On each move, you can either go left or right. During the n-th move (starting from 1), you take n steps.

Return the minimum number of steps required to reach the destination.

Example 1:

Input: target = 3
Output: 2
Explanation:
On the first move we step from 0 to 1.
On the second step we step from 1 to 3.

Example 2:

Input: target = 2
Output: 3
Explanation:
On the first move we step from 0 to 1.
On the second move we step  from 1 to -1.
On the third move we step from -1 to 2.

Note:

  • target will be a non-zero integer in the range [-10^9, 10^9].
  • Companies:
    InMobi

    Related Topics:
    Math

    Solution 1.

    Try to find pattern:

    Firstly, for numbers n(n+1)/2, they require n steps, where n >= 1. For example, 1 = 1, 3 = 1 + 2, 6 = 1 + 2 + 3...
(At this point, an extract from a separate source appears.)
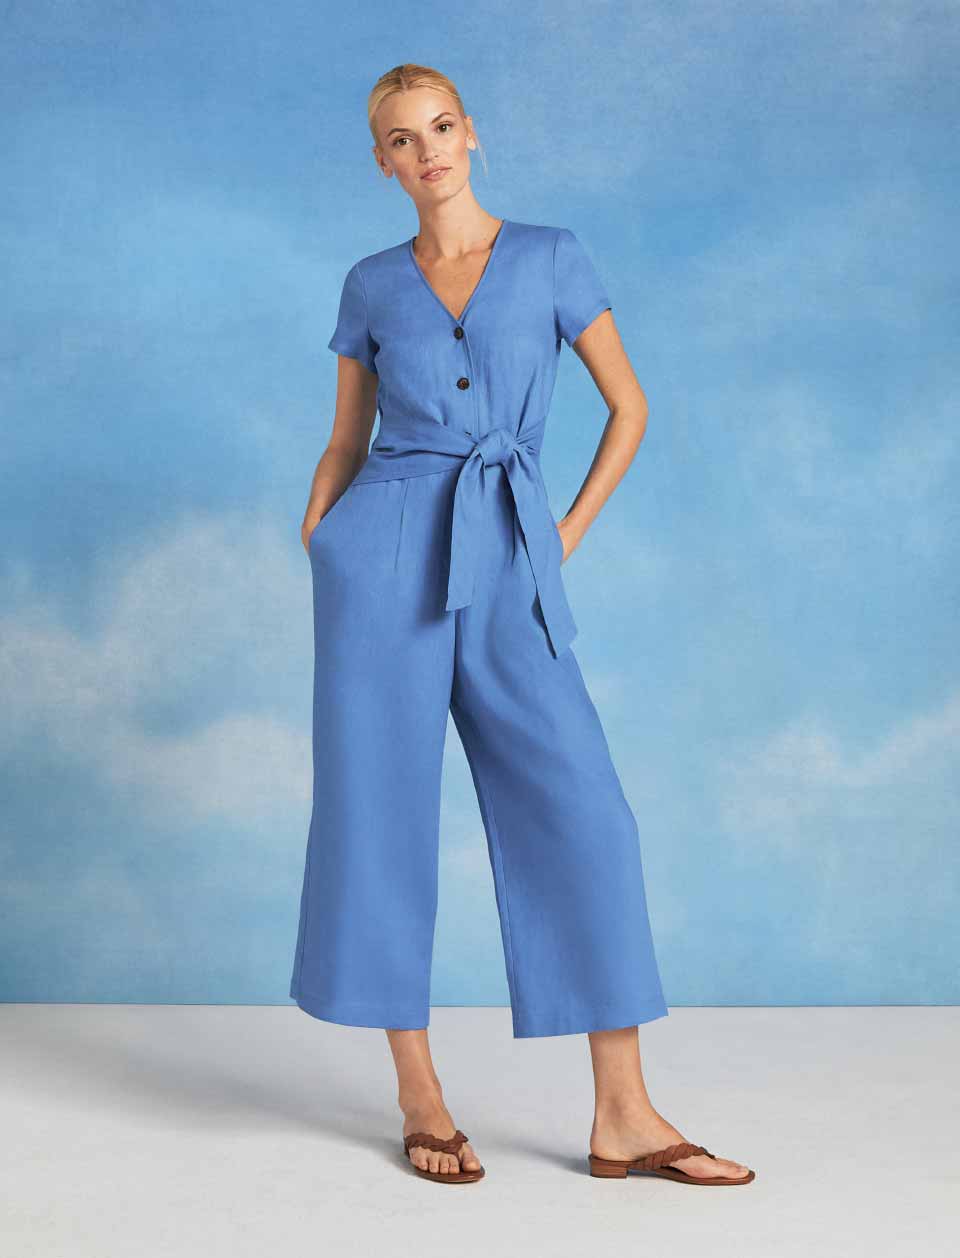 Model photographed in front of a sky blue background wearing a linen jumpsuit.

    How to get the numbers inbetween?

    Think of 2: the smallest n(n+1)/2 greater than 2 is 3. If we invert 3's component 1 or 2, we actually subtract 1*2 or 2*2 from 3. Notice the subtraction is using even number. But 3 - 2 = 1 is an odd number. So we can't get 2 from 3.

    Consider the next n(n+1)/2, which is 6. 6 - 2 = 4. So we can invert 4 / 2 = 2 in equation 6 = 1 + 2 + 3 to get 2 = 1 - 2 + 3.

    Let's examine our algorithm with two more test cases.

    For 4, the next n(n+1)/2 is 6. Since 6 - 4 = 2, so we can invert 1 in 6 = 1 + 2 + 3 to get 4 = -1 + 2 + 3.

    For 5:

    • check 6, 6 - 5 = 1, doesn't work.
    • check 10 = 1+..+4, 10 - 5 = 5, doesn't work.
    • check 15 = 1+..+5, 15 - 5 = 10. Works! 5 = 1 + 2 + 3 + 4 - 5.

    In sum, keep computing sum = n(n+1)/2. If sum is greater than or equal to target and (sum - target) % 2 == 0, the corresponding n is the answer.

    // OJ: https://leetcode.com/problems/reach-a-number/
    // Author: github.com/lzl124631x
    // Time: O(sqrt(T))
    // Space: O(1)
    class Solution {
    public:
        int reachNumber(int target) {
            int i = 0, sum = 0;
            target = abs(target);
            while (sum < target || (sum - target) % 2 != 0) {
                sum += ++i;
            }
            return i;
        }
    };